> _WORK INSTRUCTIONS_: Nothing should appear in the answer except the lines below from the line containing "Muscle Fit Longline" through the line containing "bluebeard poster 2 blog", copied exactly, with pictures left out.

> _RECORDS PROVIDED_:
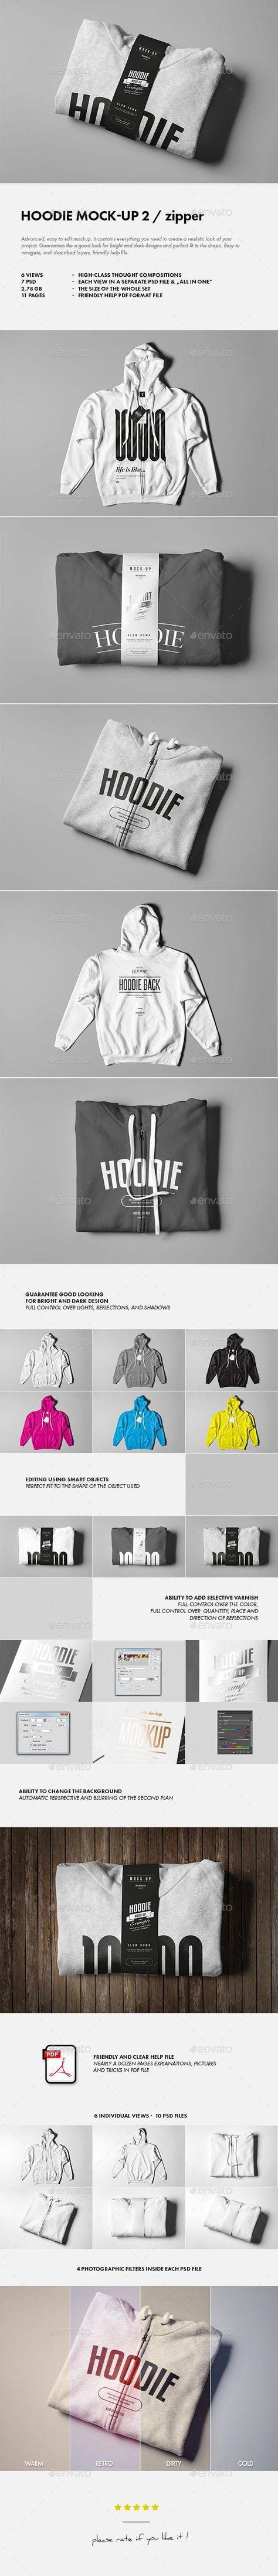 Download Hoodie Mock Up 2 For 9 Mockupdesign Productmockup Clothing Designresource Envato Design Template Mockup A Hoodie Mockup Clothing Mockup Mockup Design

* * *

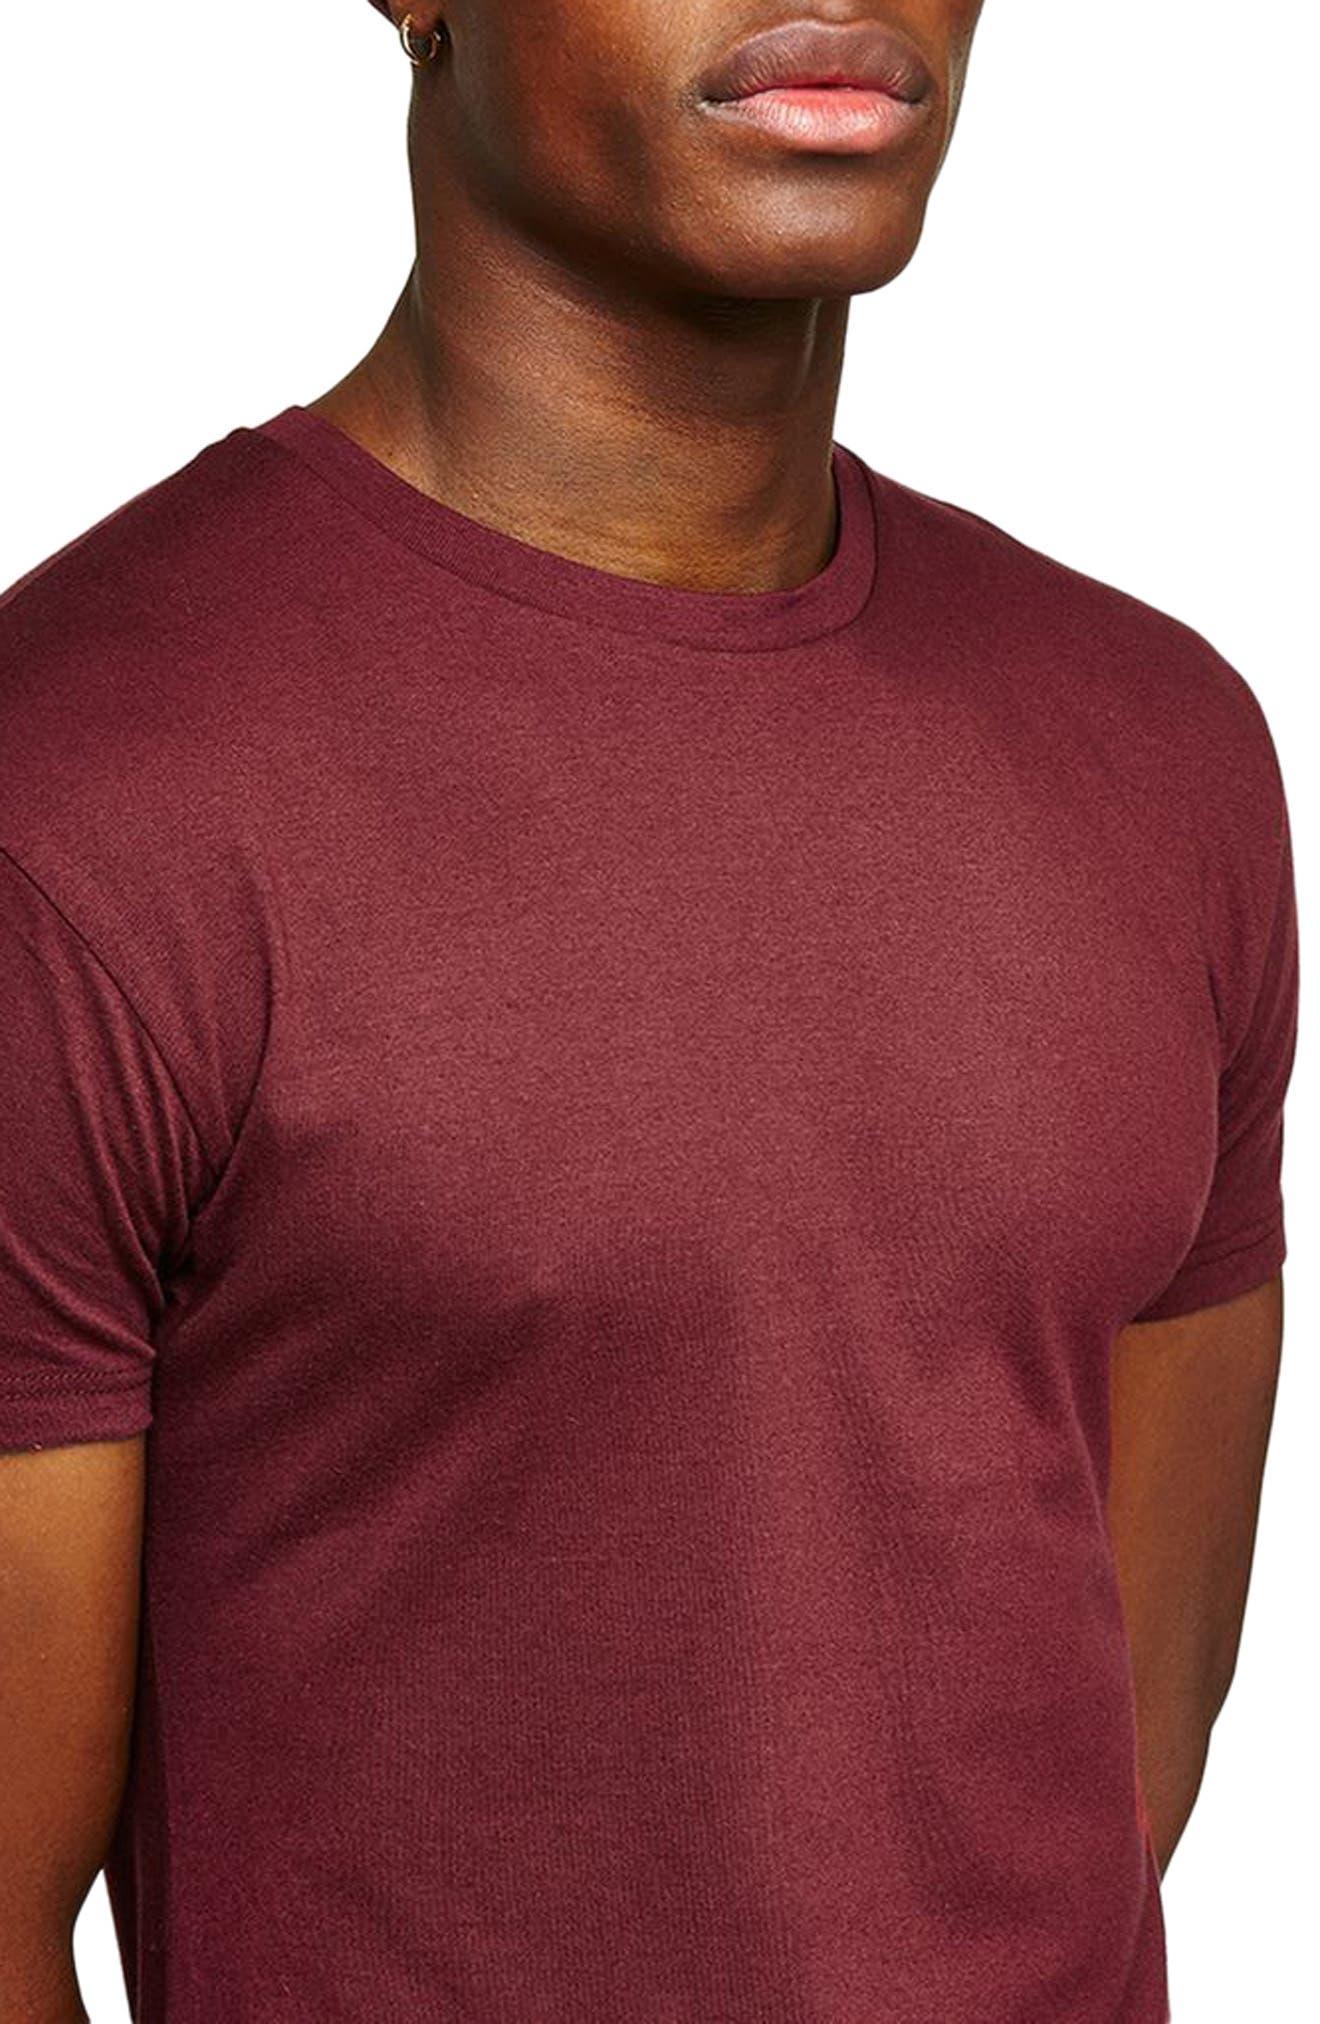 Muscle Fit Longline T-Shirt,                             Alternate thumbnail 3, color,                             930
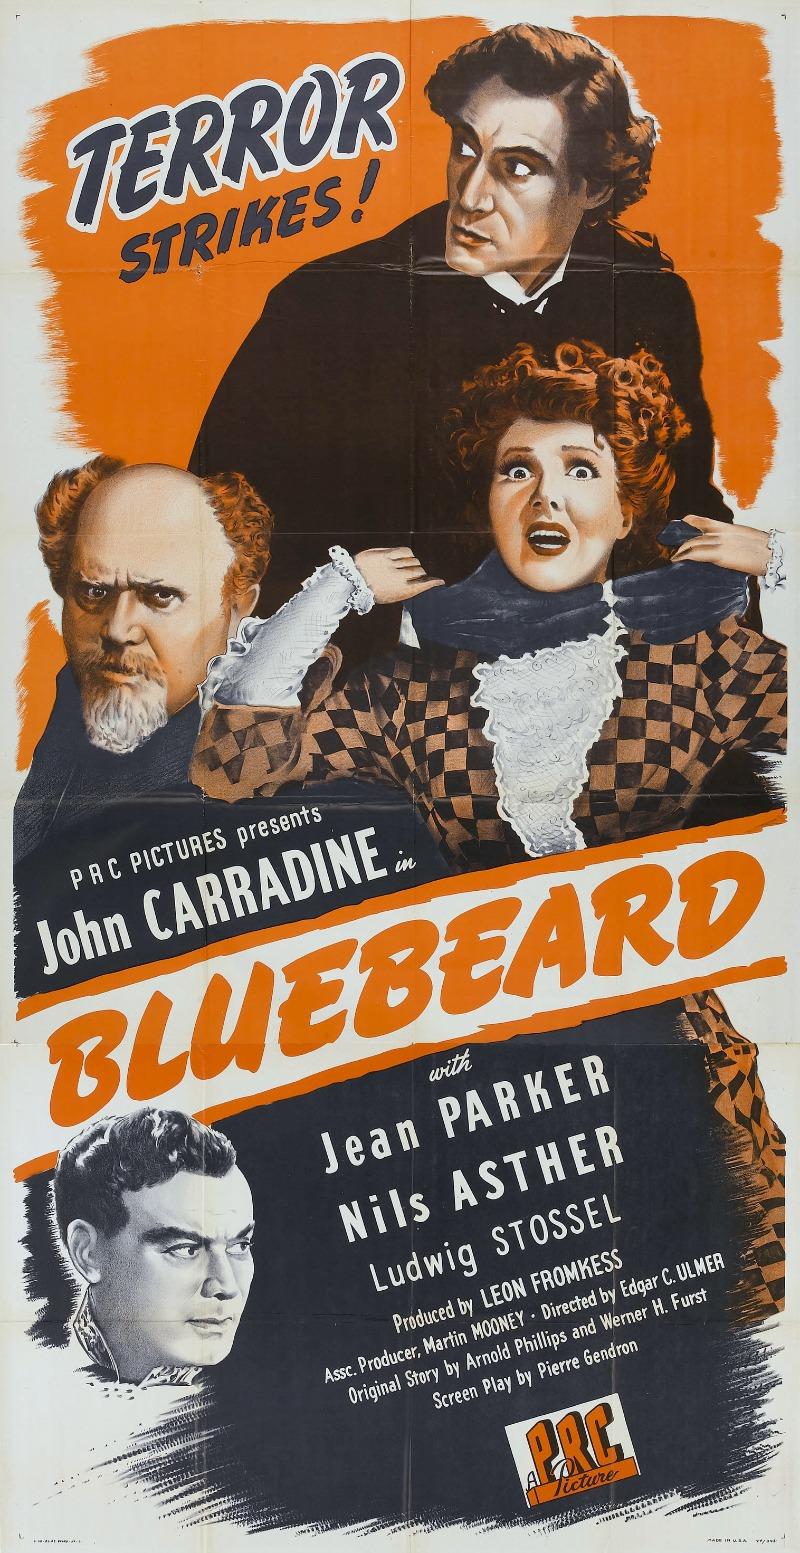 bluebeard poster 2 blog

> _ANSWER TO THE PROBLEM_:
 Muscle Fit Longline T-Shirt,                             Alternate thumbnail 3, color,                             930
 bluebeard poster 2 blog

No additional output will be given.